AMI Residency Part 2 : Realtime control of sequence generation with Recurrent Neural Network Ensembles
static unsigned love
This is the third of a series of articles [1, 2, 3], on research I’ve done over the past few years that I’m only just getting round to writing about. In May/June 2016 I did a residency at Google’s Artists & Machine Intelligence program and explored two related but separate lines of inquiry. So I’ll be writing about it in two posts. Part 1 is here. This is part 2.
This particular research was accepted as a demo presentation at NIPS (Neural Information Processing Systems) 2016, as well as a poster presentation at the NIPS Recurrent Neural Network Symposium. I won’t get very technical in this post, details can be found in the accompanying paper (it’s a very short paper, more of an extended abstract).
I’m hoping to release the source code (and models!) very soon, as soon as I’ve tidied it up (and simplified dependencies).
I’ll start with the end result.
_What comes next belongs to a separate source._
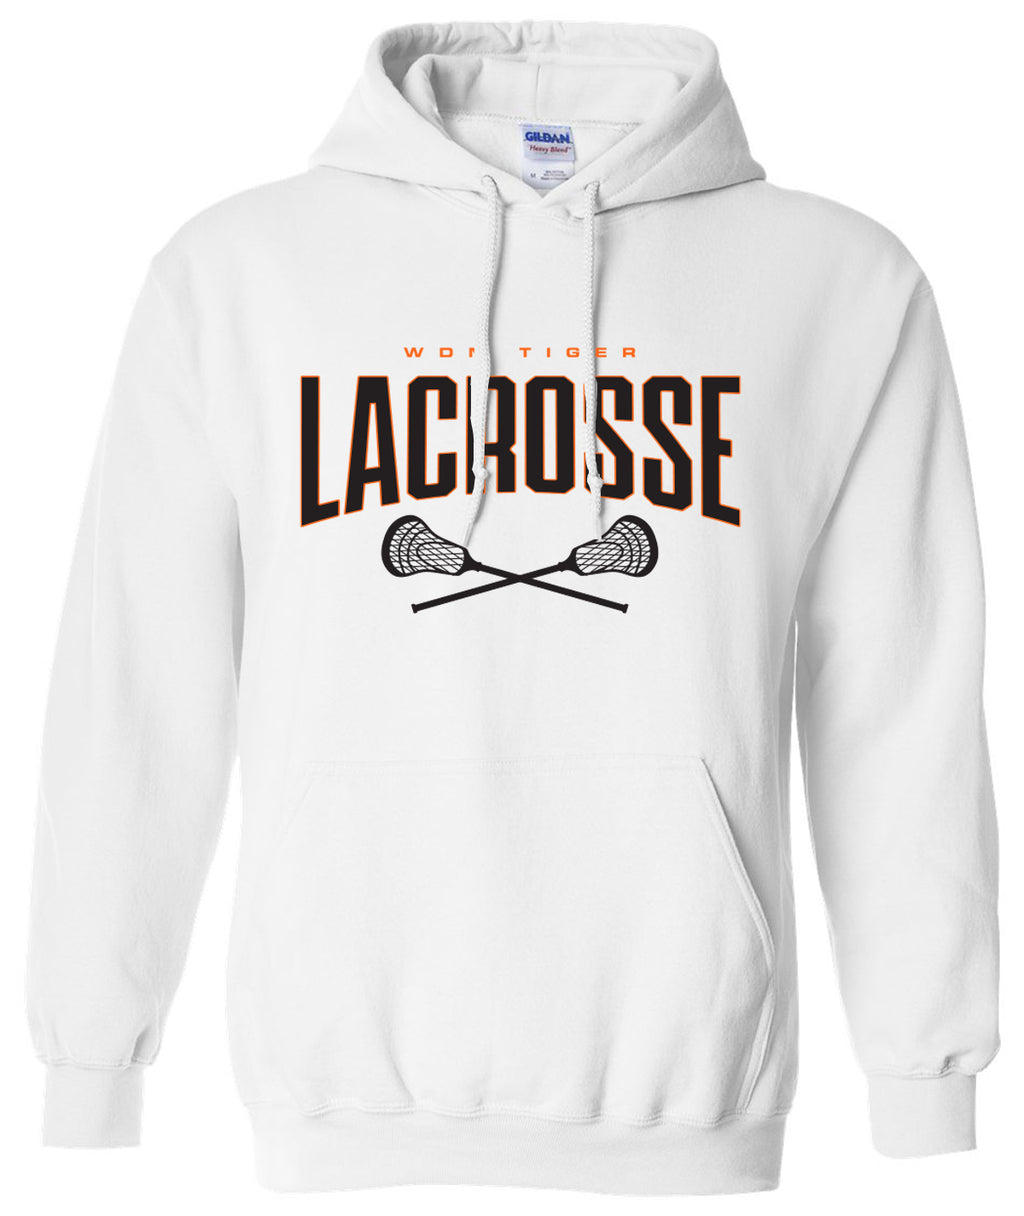 WDM Tiger Lacrosse Hooded Sweatshirt

This is about a system that allows users to gesturally ‘conduct’ the generation of text. It’s a method of real-time continuous control and ‘steering’ of sequence generation, using an ensemble of Recurrent Neural Networks, allowing users to dynamically alter the mixture weights of multiple models, each trained on a different dataset.
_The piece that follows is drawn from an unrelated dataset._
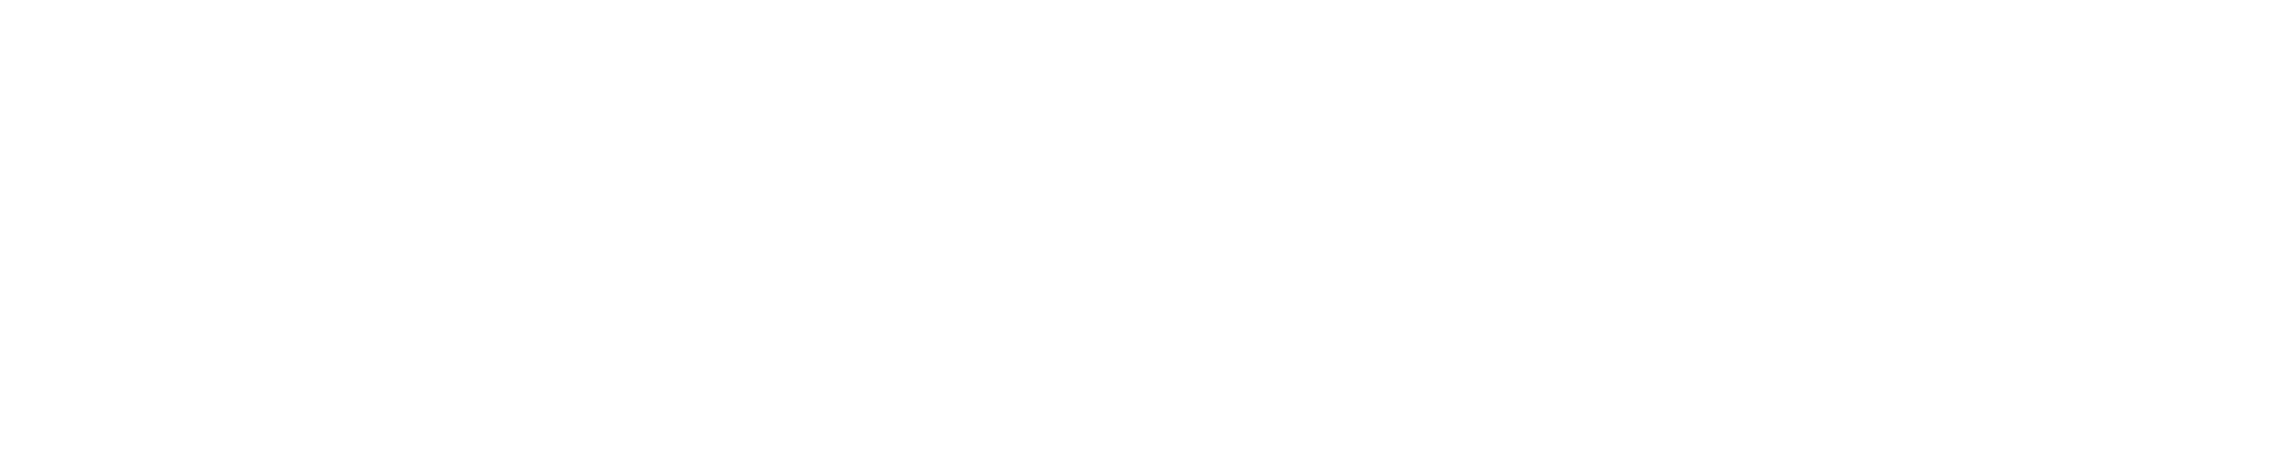 Paragon Analysis Corp

In plainer English: The system spits out text, character by character (seen on the ‘text’ window below, on the right), as if someone were typing at a typewriter (at around 5–20 characters per second). While the text is being written on-screen, you, the user, can mix in different ‘styles’ in real-time (I use the word ‘style’ very liberally here). For example while the system is generating text in the style of the Bible, you can tell it to start mixing in a little bit of Trump, and then pull it towards the poetry of Coleridge, and then towards love song lyrics etc. This doesn’t affect the text that has been generated so far, but only the new text that is being generated. And you can change styles mid-sentence, even mid-word.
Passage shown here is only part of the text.